** Opening The data block **

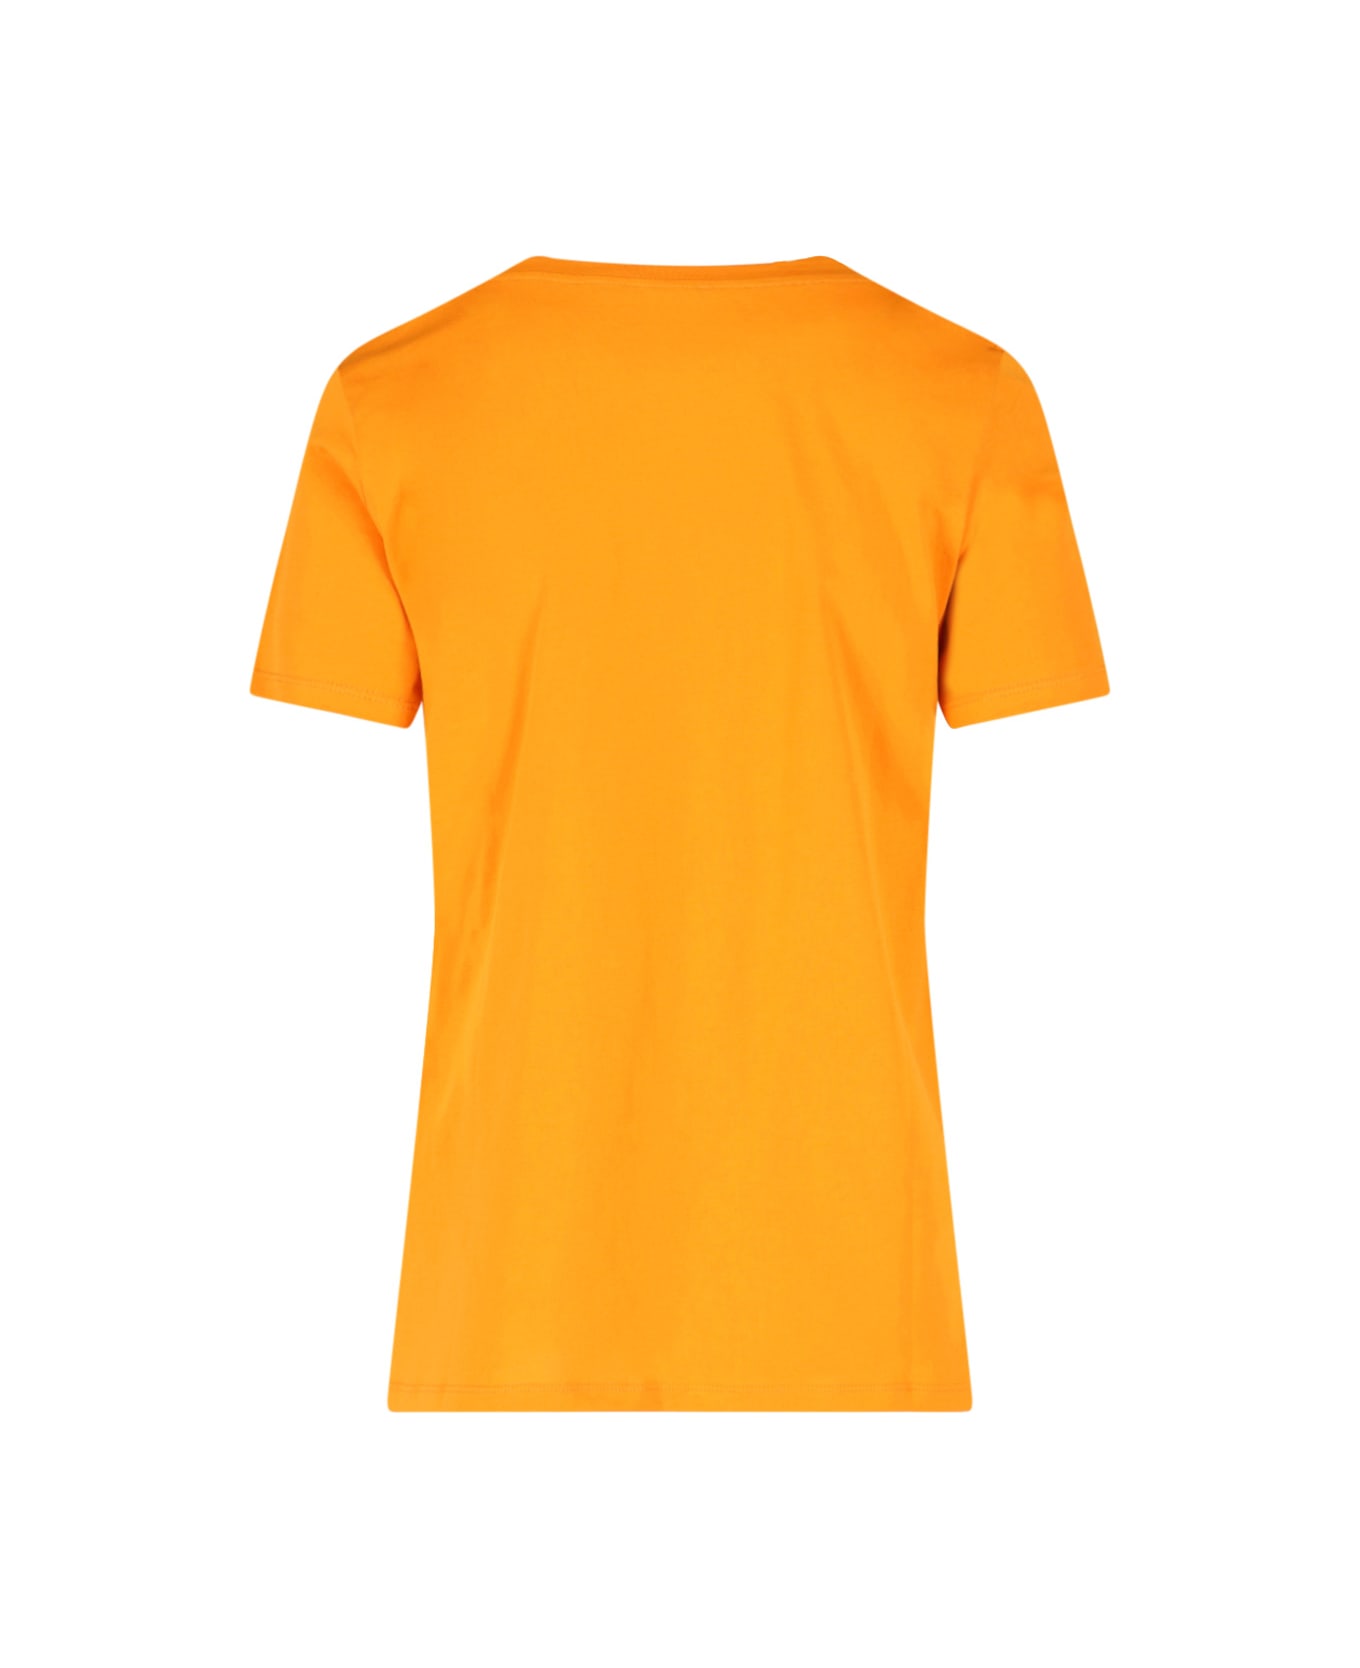 Balmain Logo Print Embellished T-shirt - Orange
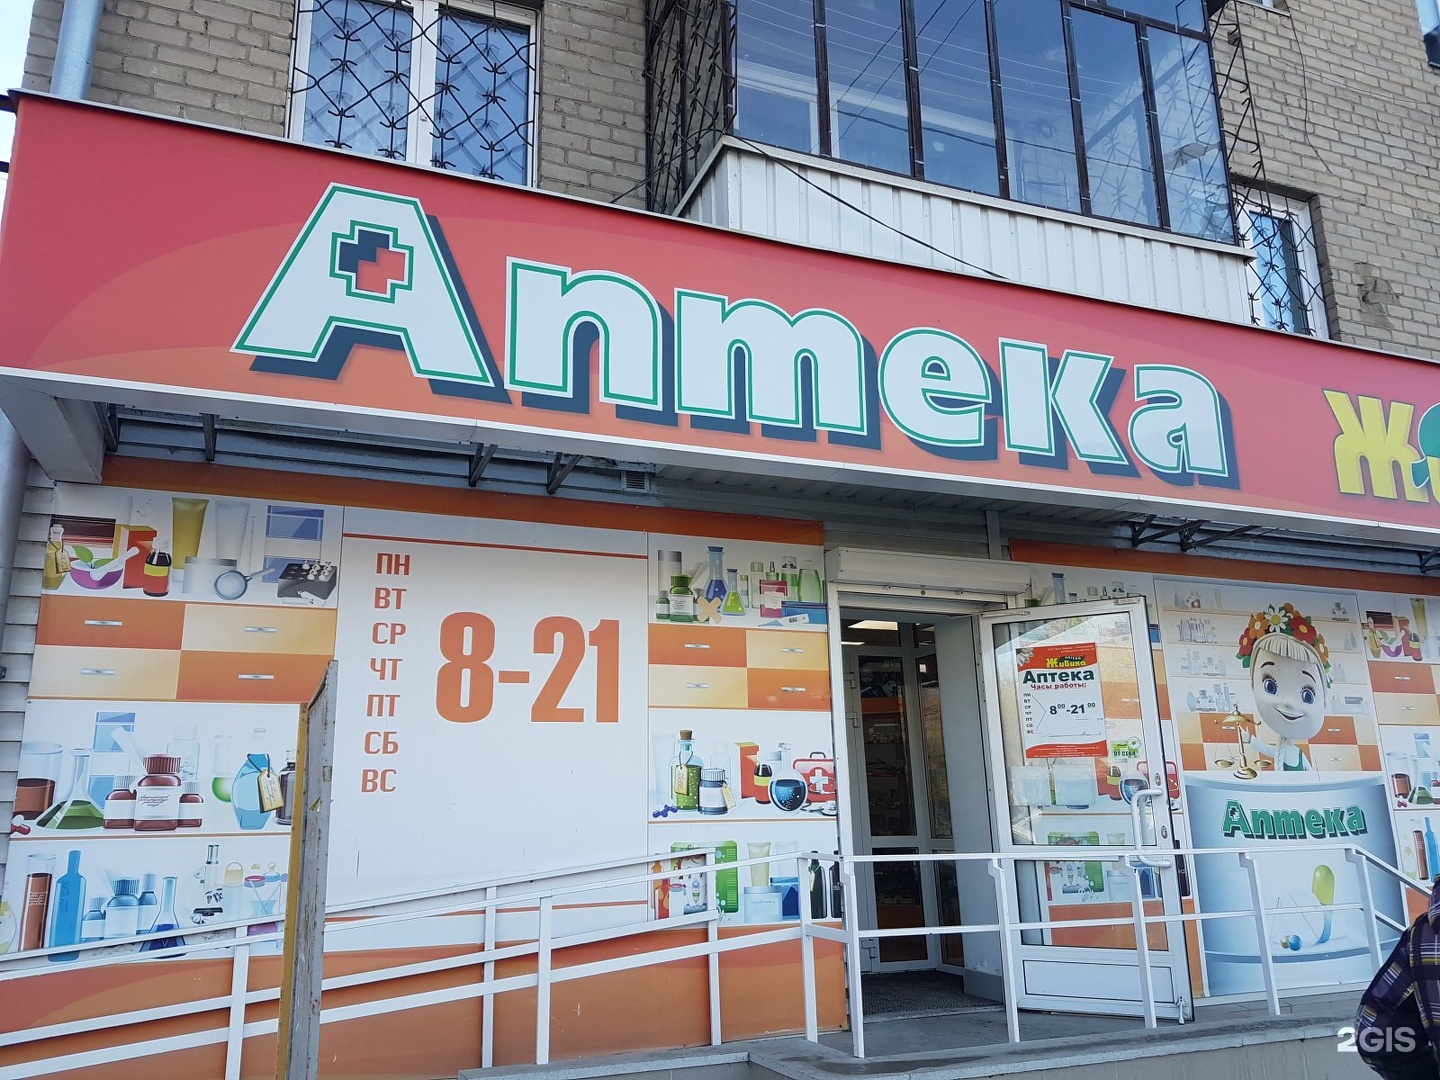 Сеть Аптек Живика В Челябинске
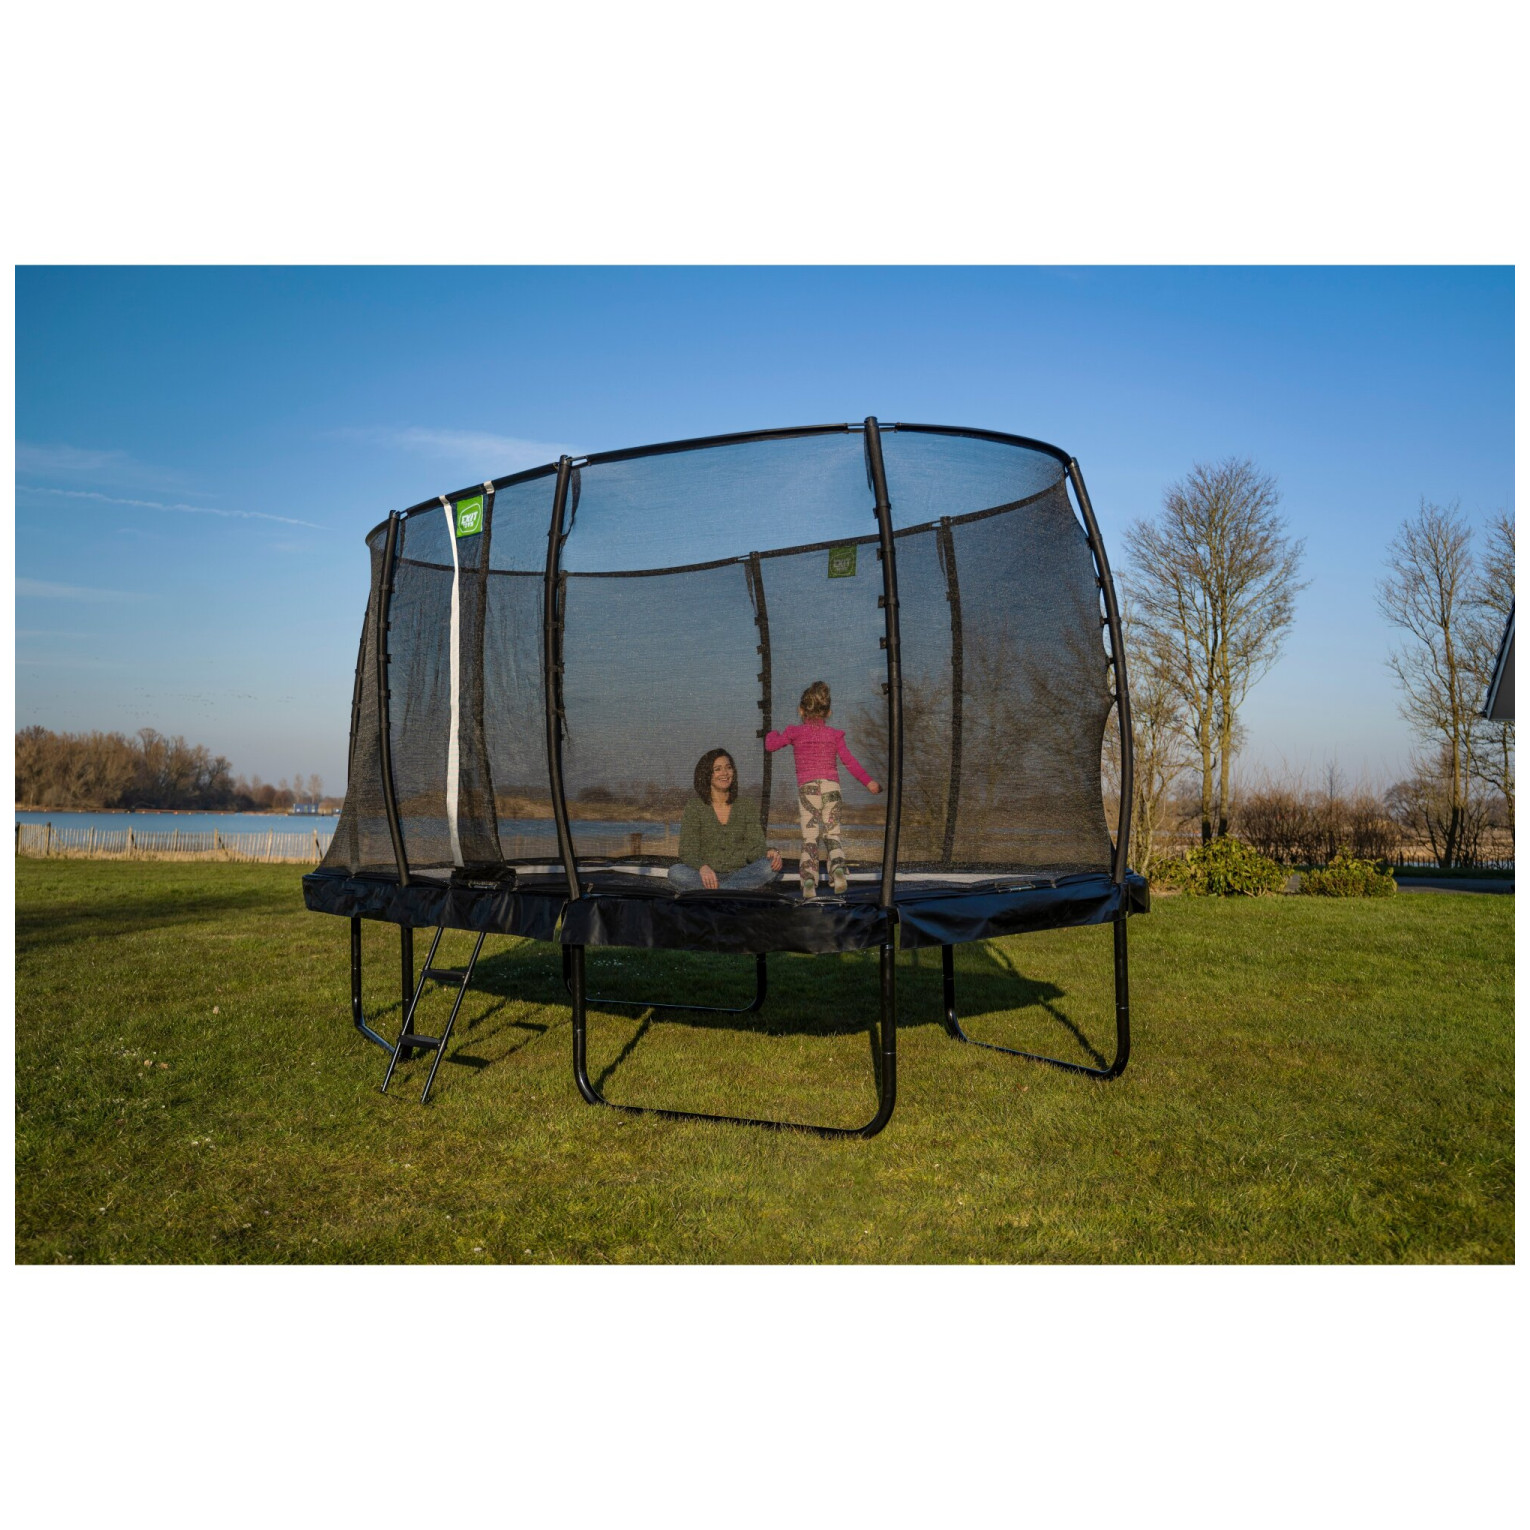 EXIT Allure Premium trampoline 244x427cm - groen

** Closing The data block **

> Task statement
Make an exact reproduction of the listing above, without any pictures.

> Result
 Balmain Logo Print Embellished T-shirt - Orange
 Сеть Аптек Живика В Челябинске
 EXIT Allure Premium trampoline 244x427cm - groen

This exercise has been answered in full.